Acquisitions are funded using a variety of financing techniques, including federal grants with
matching airport funds, passenger facility charges, debt issuance, and airport revenues.
LONG-TERM DEBT OUTSTANDING
In 2003, the Authority issued $20,820,000 of Series 2003-A Airport Revenue Refunding Bonds
dated October 22, 2003, maturing annually from 2014 through 2023, with interest on a variable
rate determined weekly. On December 1, 2009, the Authority reoffered the bonds with fixed
interest rates ranging from 3.25 percent to 4.5 percent, with a net interest cost of 3.99 percent.

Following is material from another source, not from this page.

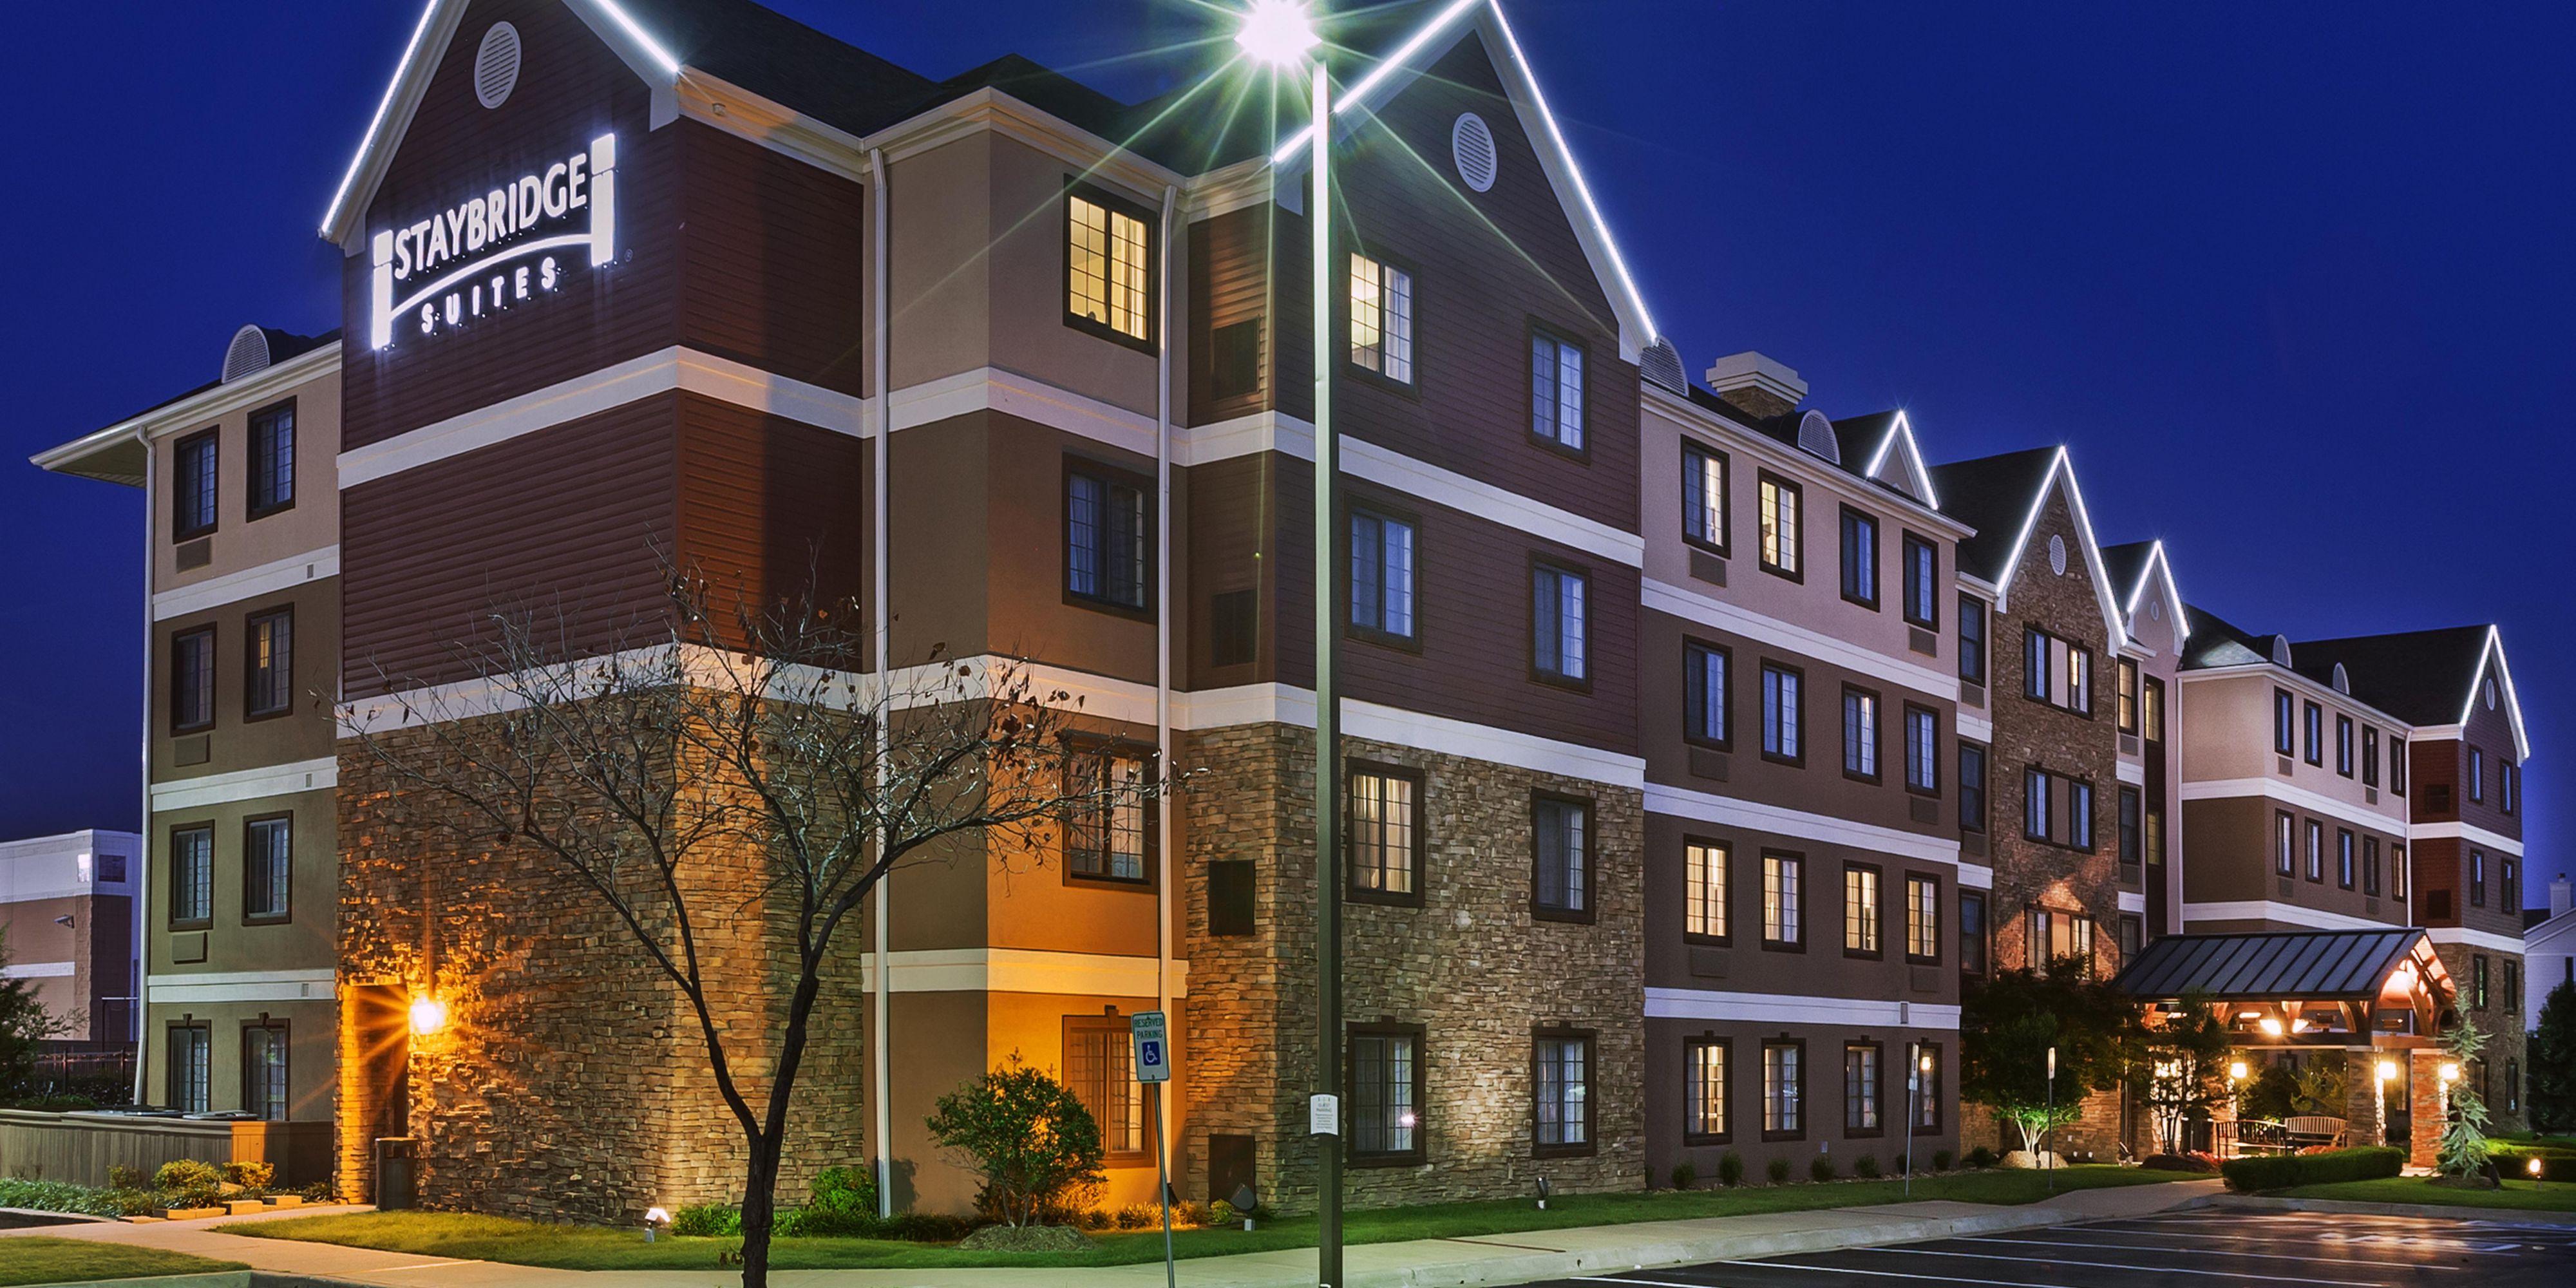 Staybridge Suites Tulsa-Woodland Hills image 0

Balance outstanding June 30, 2017 - $15,105,000; June 30, 2016 - $17,440,000; June 30, 2015
- $19,665,000
In 2007, the Authority issued $44,635,000 of Series 2007 Airport Revenue Refunding Bonds dated
July 11, 2007, maturing annually from 2008 through 2026, with interest coupons ranging from
5.00 percent to 5.25 percent, with a net interest cost of 4.82 percent.
Balance outstanding June 30, 2017 - $23,110,000; June 30, 2016 - $25,980,000; June 30, 2015
- $28,720,000
In 2010, the Authority issued $151,705,000 of Series 2010 Airport Revenue Bonds dated
December 22, 2010, maturing annually from 2011 through 2040, with interest coupons ranging
from 3.00 percent to 6.00 percent, with a net interest cost of 5.52 percent.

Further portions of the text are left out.